Problem to work on> As an exercise, transcribe the data below in full and exactly, omitting pictures.

Dataset section>

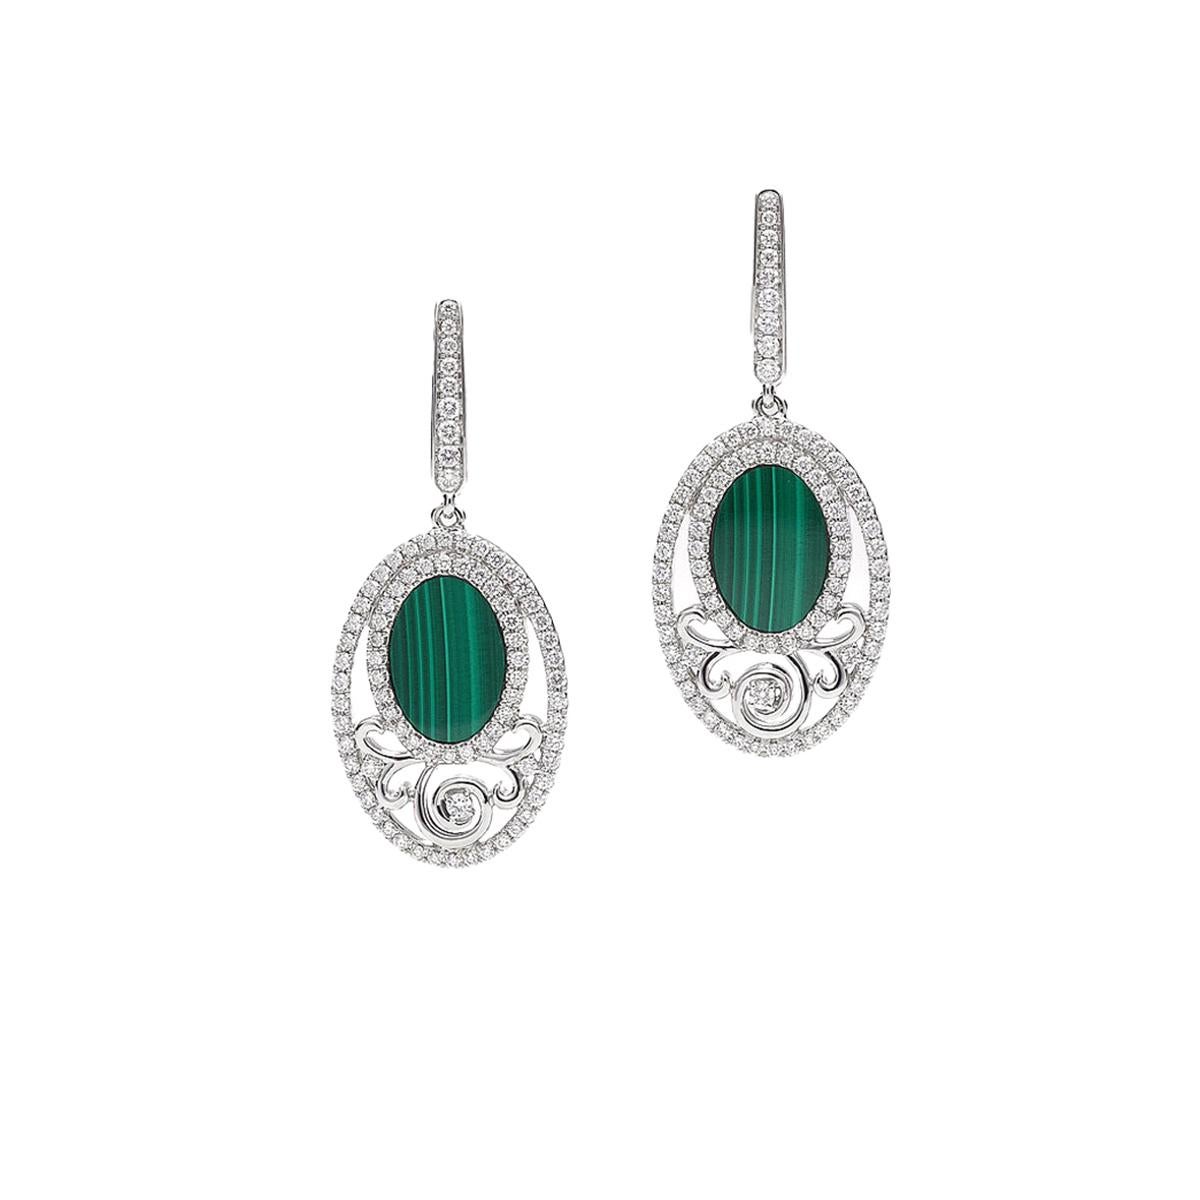 Earrings in 18kt white gold set with 168 diamonds 1.10 cts and 2 malachites 3.88 cts
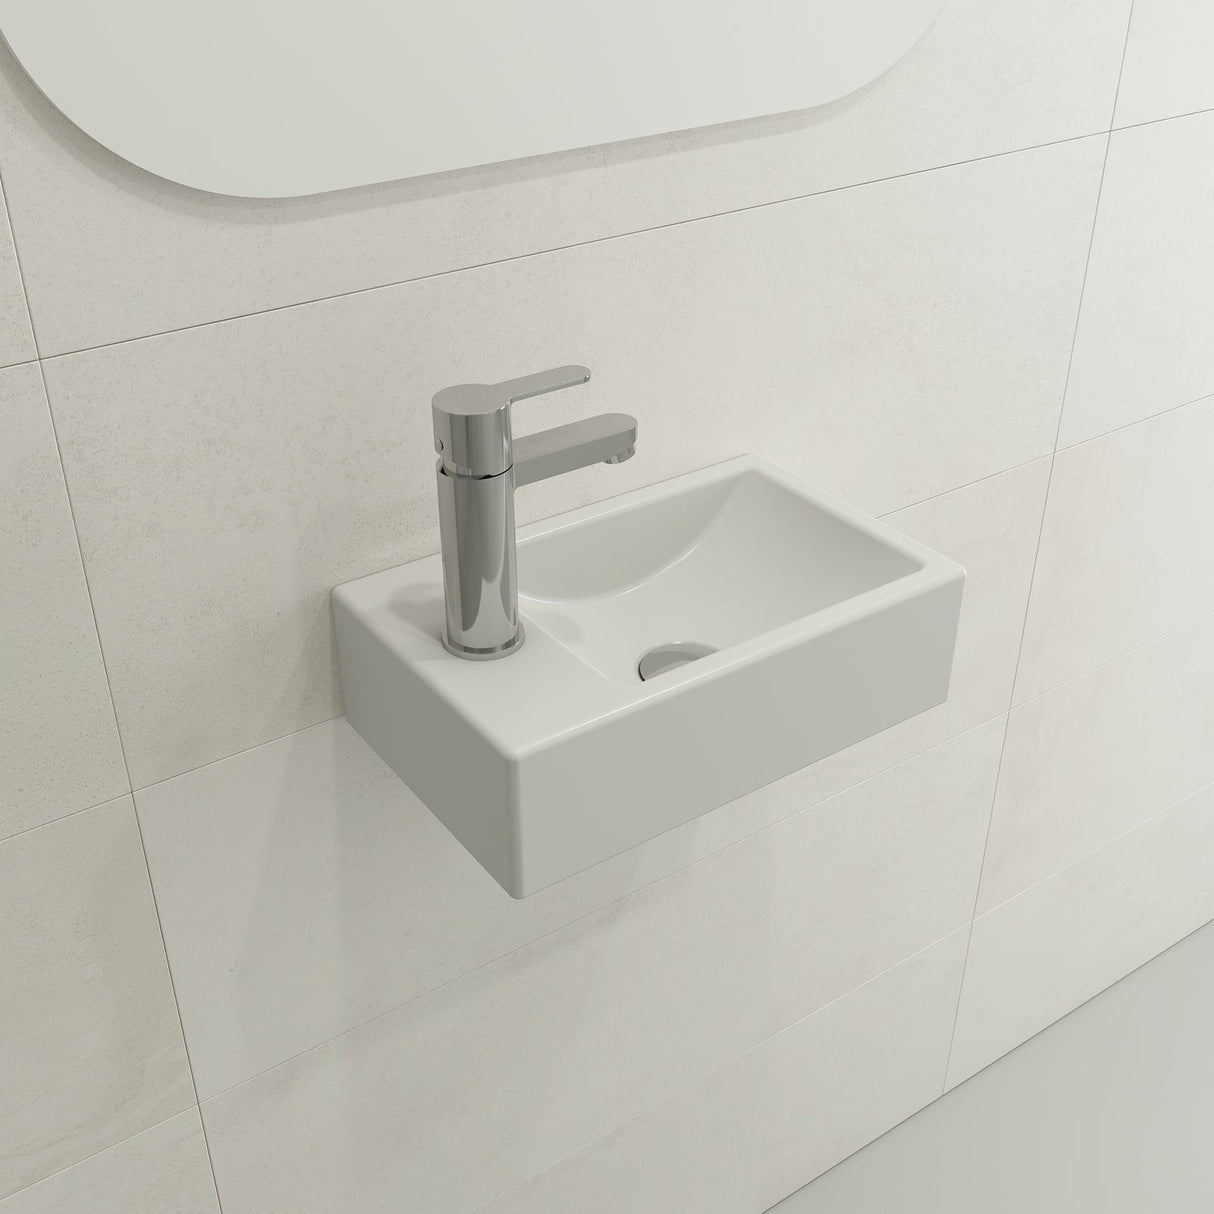 BOCCHI 1418-002-0126 Milano Wall-Mounted Sink Fireclay 14.5 in. 1-hole Left Side Faucet Deck in Matte White
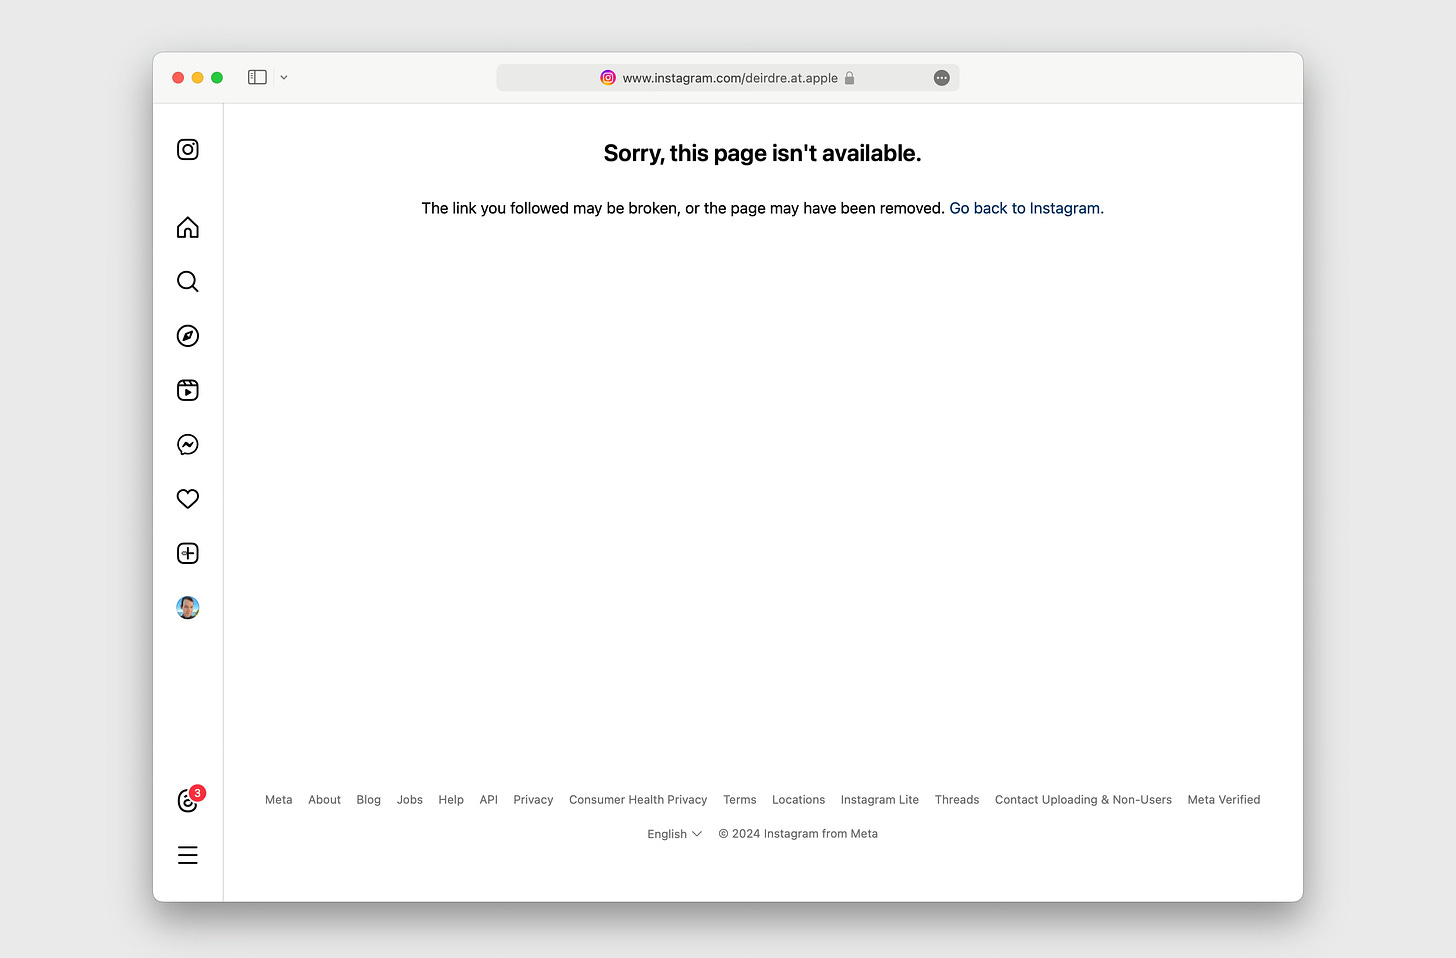 A screenshot of Safari on macOS. The active tab is the Instagram profile page for deirdre.at.apple. The page says, "Sorry this page isn't available."

Solution below>
 Earrings in 18kt white gold set with 168 diamonds 1.10 cts and 2 malachites 3.88 cts
 BOCCHI 1418-002-0126 Milano Wall-Mounted Sink Fireclay 14.5 in. 1-hole Left Side Faucet Deck in Matte White
 A screenshot of Safari on macOS. The active tab is the Instagram profile page for deirdre.at.apple. The page says, "Sorry this page isn't available."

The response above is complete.